On Mon, Sep 21, 2015 at 5:55 PM, Sandy Ryza <sandy.r...@cloudera.com> wrote:

> The warning your seeing in Spark is no issue.  The scratch space lives
> inside the heap, so it'll never result in YARN killing the container by
> itself.  The issue is that Spark is using some off-heap space on top of
> that.
>
> You'll need to bump the spark.yarn.executor.memoryOverhead property to
> give the executors some additional headroom above the heap space.
>
> -Sandy
>
> On Mon, Sep 21, 2015 at 5:43 PM, Saisai Shao <sai.sai.s...@gmail.com>
> wrote:
>
>> I think you need to increase the memory size of executor through command
>> arguments "--executor-memory", or configuration "spark.executor.memory".
>>
>> Also yarn.scheduler.maximum-allocation-mb in Yarn side if necessary.
>>
>> Thanks
>> Saisai
>>
>>
>> On Mon, Sep 21, 2015 at 5:13 PM, Alexander Pivovarov <
>> apivova...@gmail.com> wrote:
>>
>>> I noticed that some executors have issue with scratch space.

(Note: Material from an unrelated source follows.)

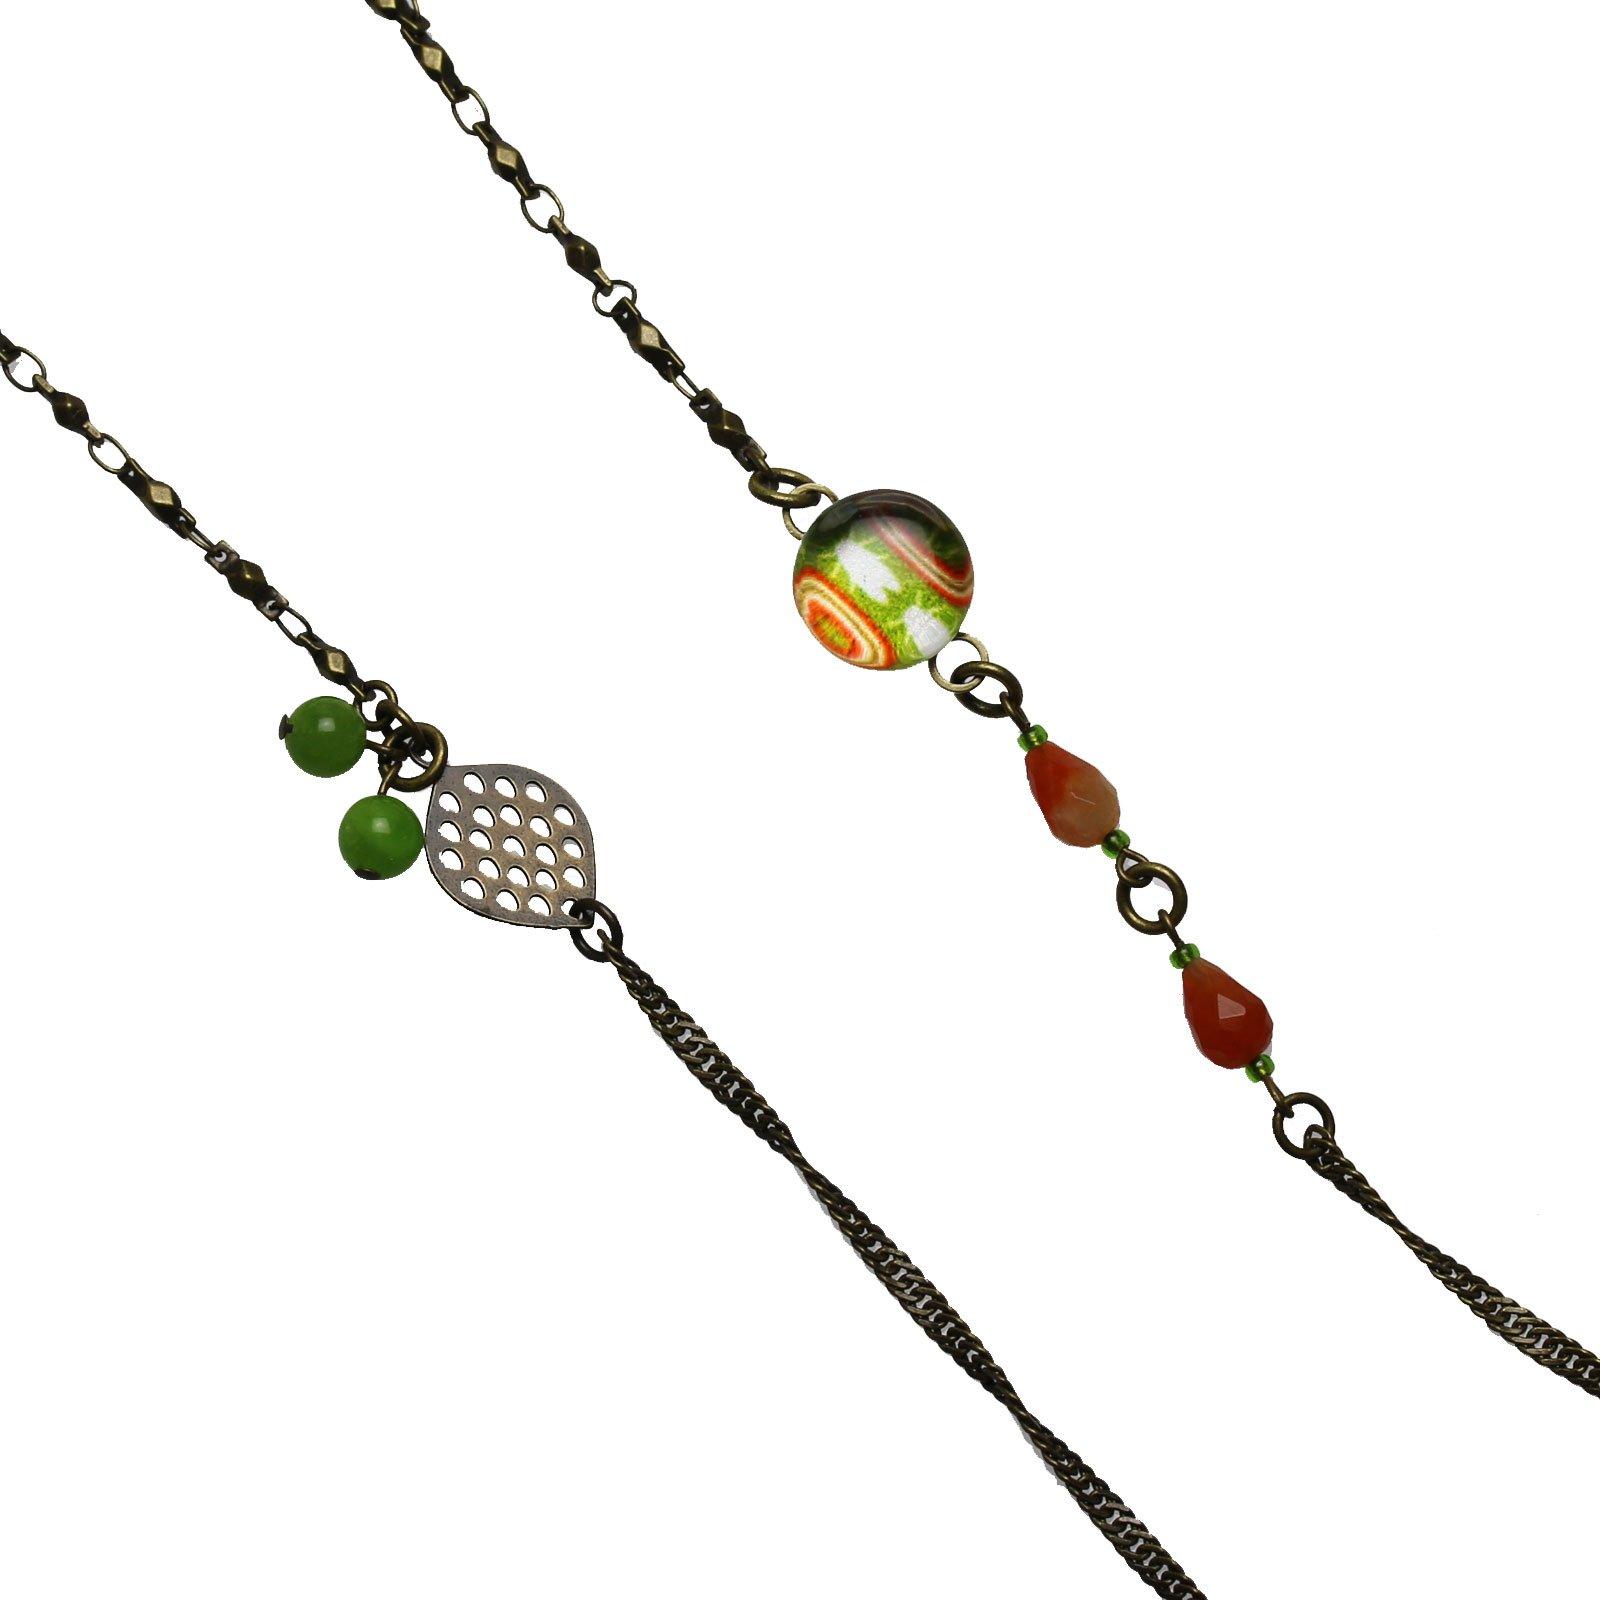 Tamarusan Glasses Chain Cicada Green Carnelian Glass Cord Handmade by TAMARUSAN
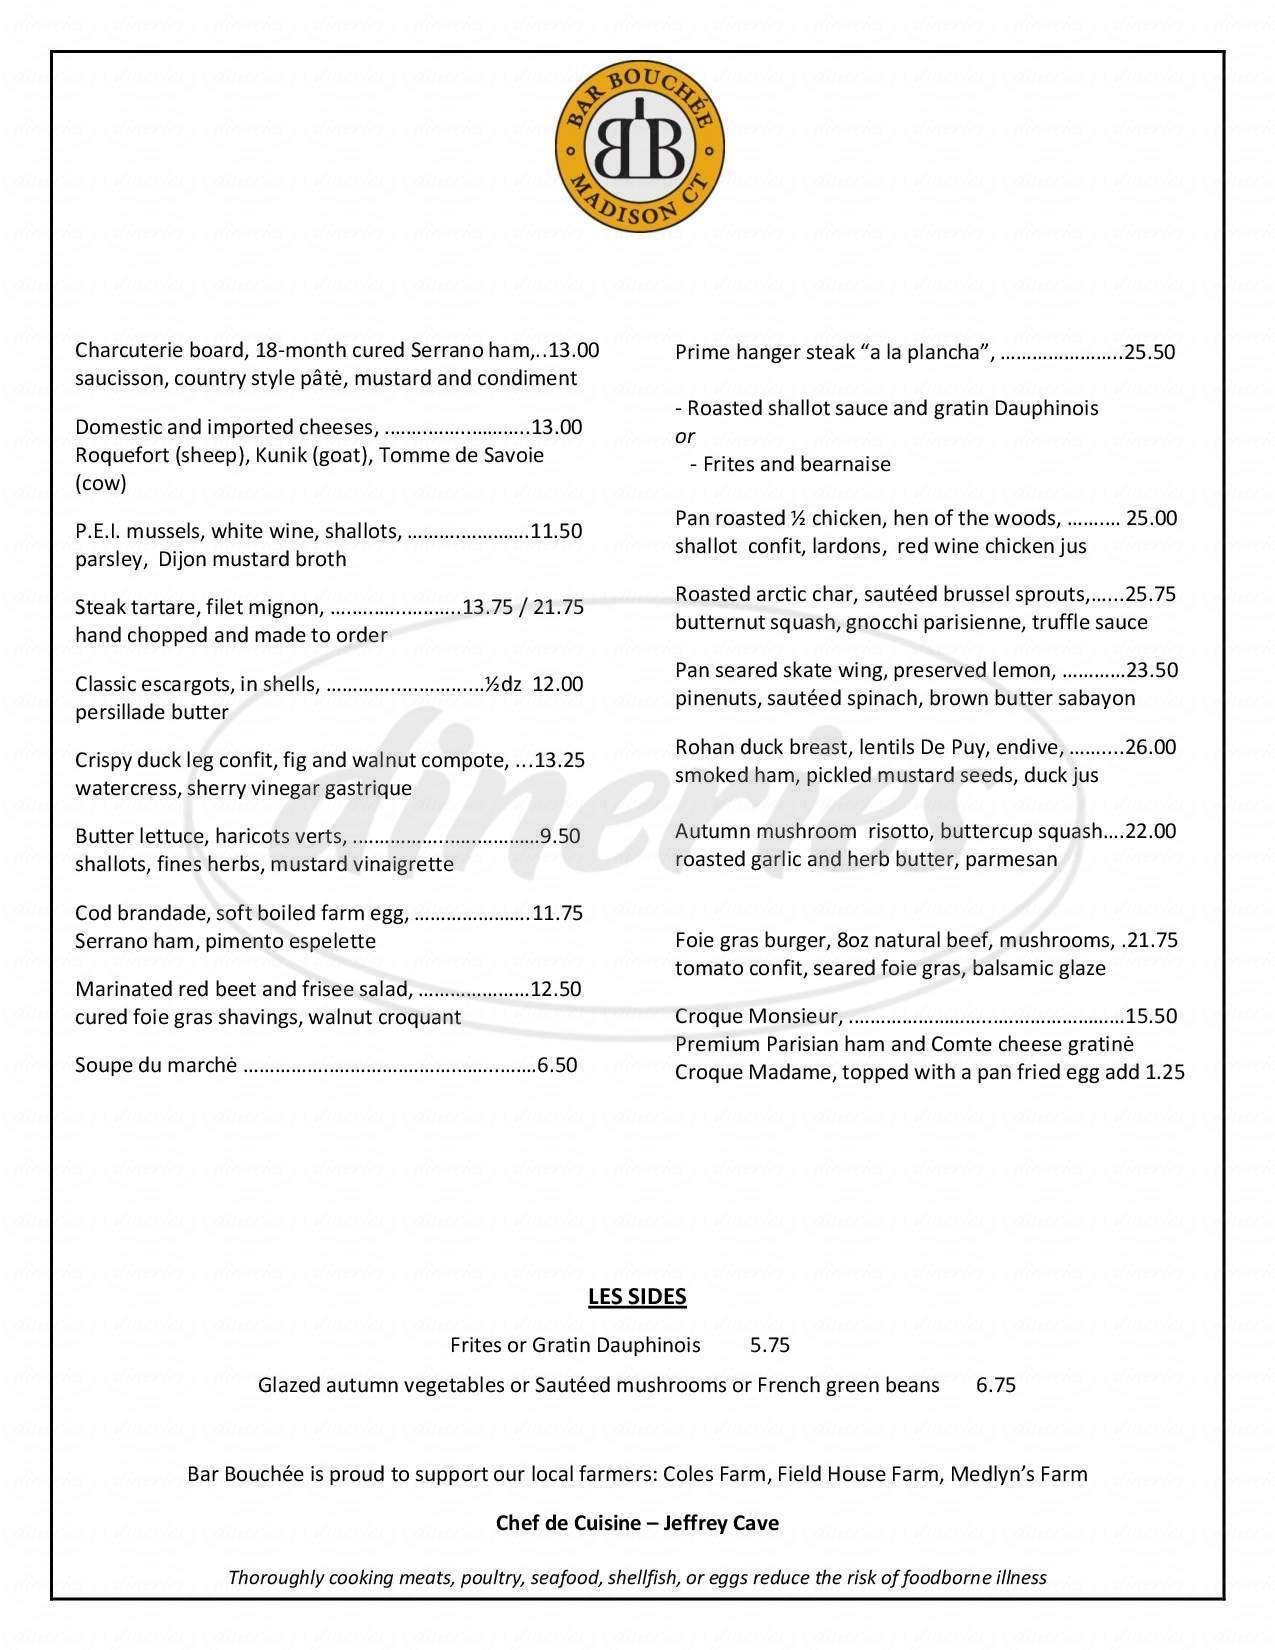 menu for Bar Bouchee

>>> I see the following in yarn app container stderr around the time when
>>> yarn killed the executor because it uses too much memory.
>>>
>>> -- App container stderr --
>>> 15/09/21 21:43:22 WARN storage.MemoryStore: Not enough space to cache
>>> rdd_6_346 in memory! (computed 3.0 GB so far)
>>> 15/09/21 21:43:22 INFO storage.MemoryStore: Memory use = 477.6 KB
>>> (blocks) + 24.4 GB (scratch space shared across 8 thread(s)) = 24.4 GB.
>>> Storage limit = 25.2 GB.
>>> 15/09/21 21:43:22 WARN spark.CacheManager: Persisting partition
>>> rdd_6_346 to disk instead.
>>> 15/09/21 21:43:22 WARN storage.MemoryStore: Not enough space to cache
>>> rdd_6_49 in memory! (computed 3.1 GB so far)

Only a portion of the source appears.